The attackers made the addicts lie on the floor and then sprayed them with bullets, killing 13 during the assault on Sunday night, according to one witness, Jesus, who asked to be identified only by his first name for fear of reprisals. There are normally about 45 clients at this ramshackle, privately run treatment centre and the people sleeping upstairs survived.

Police have not identified the motive behind the massacre but gangs have attacked clinics in other cities to target rivals.

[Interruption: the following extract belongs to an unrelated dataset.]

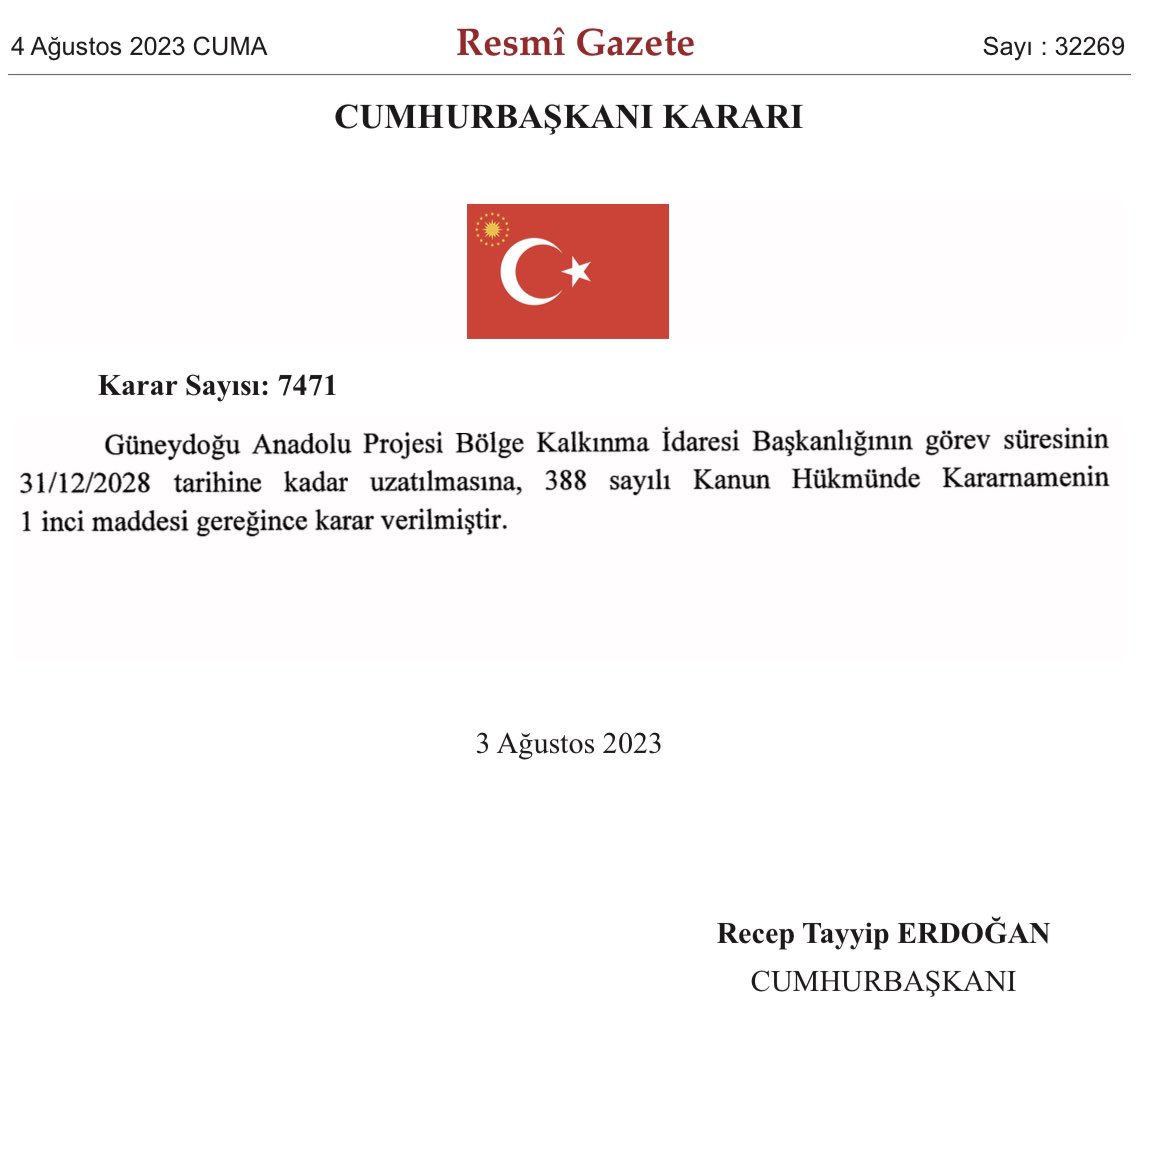 Sayın Cumhurbaşkanımız @RTErdogan’ın takdirleriyle, Güneydoğu Anadolu Projesi (GAP) Bölge Kalkınma İdaresi Başkanlığının görev süresi 31 Aralık 2028’e kadar uzatıldı. GAP Bölgesinin kalkınmasını daha da hızlandıracağız. 🇹🇷
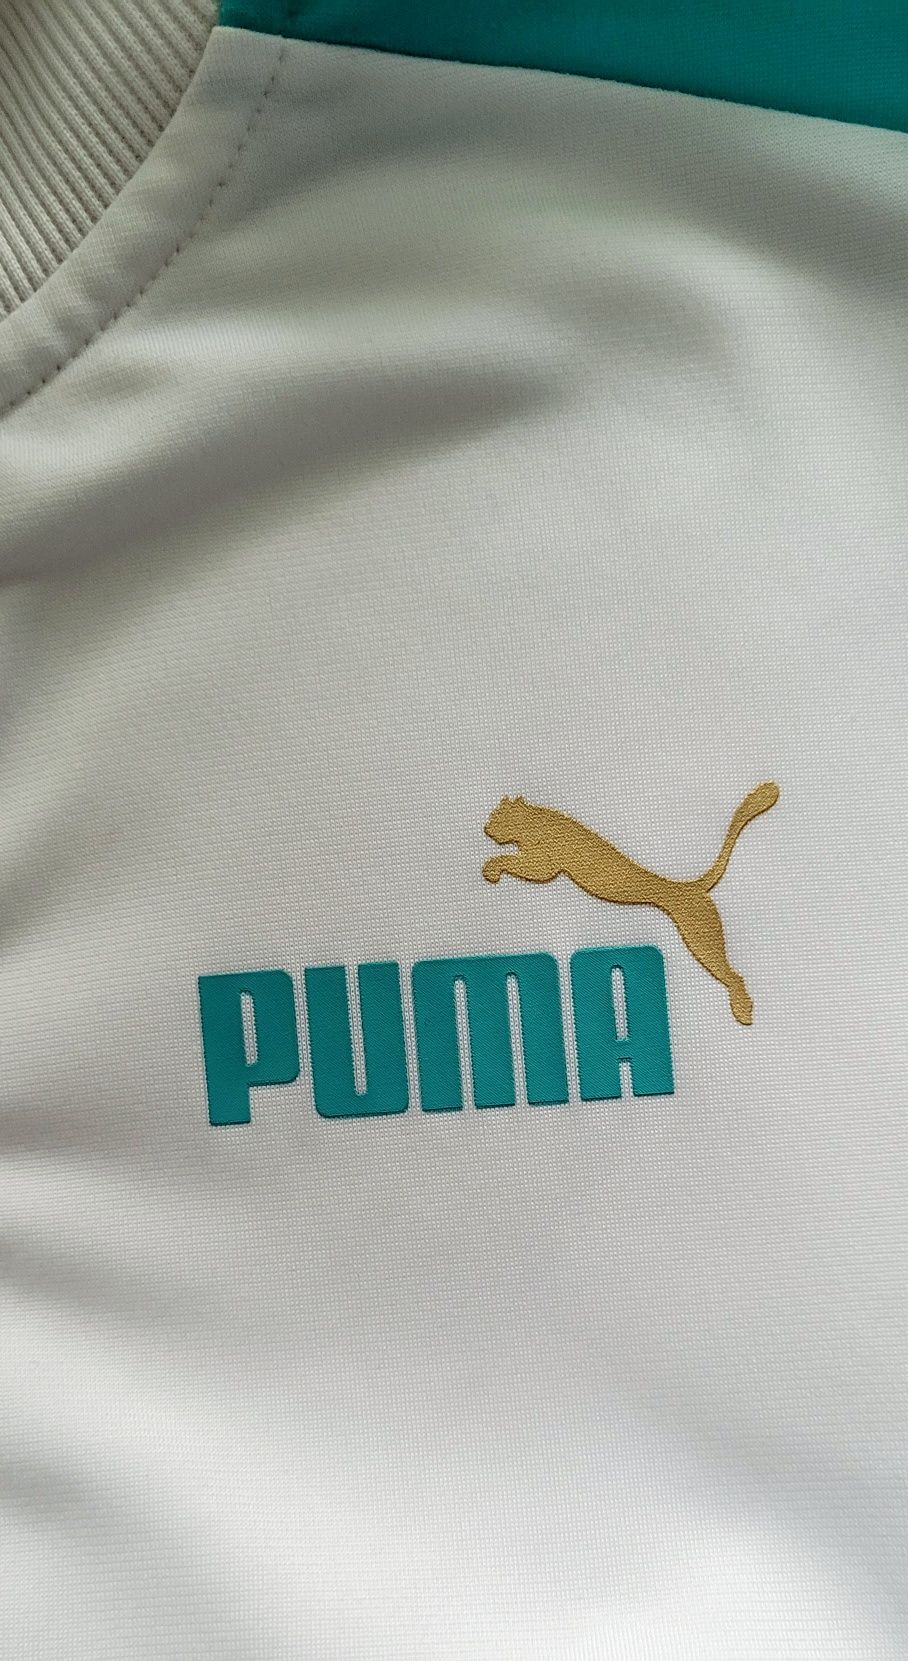 Usa Puma bluza na zamek logowana hit

It was the second massacre of the weekend in Mexico: 14 people were killed on Friday night when gunmen stormed a birthday party in another border city, Ciudad Juárez. The victims ranged from 13 to 32 years old, and most of them were high school students, a survivor said.

But the attack in Tijuana is the first mass killing at an addiction treatment centre in a city praised for its anti-gang efforts. In Ciudad Juárez, several such attacks have killed dozens of recovering addicts; and these killings have been accompanied by a message from an unknown voice – “this is a taste of Juárez” – heard over a police radio frequency.

Just two weeks ago, President Felipe Calderón singled out Tijuana as a success in his campaign against the drug cartels, adding that homicides are down from a peak in 2008. And just a week ago, on 18 October, security agencies seized a record 134 tonnes of marijuana in the city.

 

Escalating Violence

However, since the president’s visit the gangs have resumed gruesome tactics not seen in the Tijuana for months, beheading rivals and hanging bodies from bridges. The deliberate intensification of the violence, according to some residents, is meant to undermine Calderón’s message.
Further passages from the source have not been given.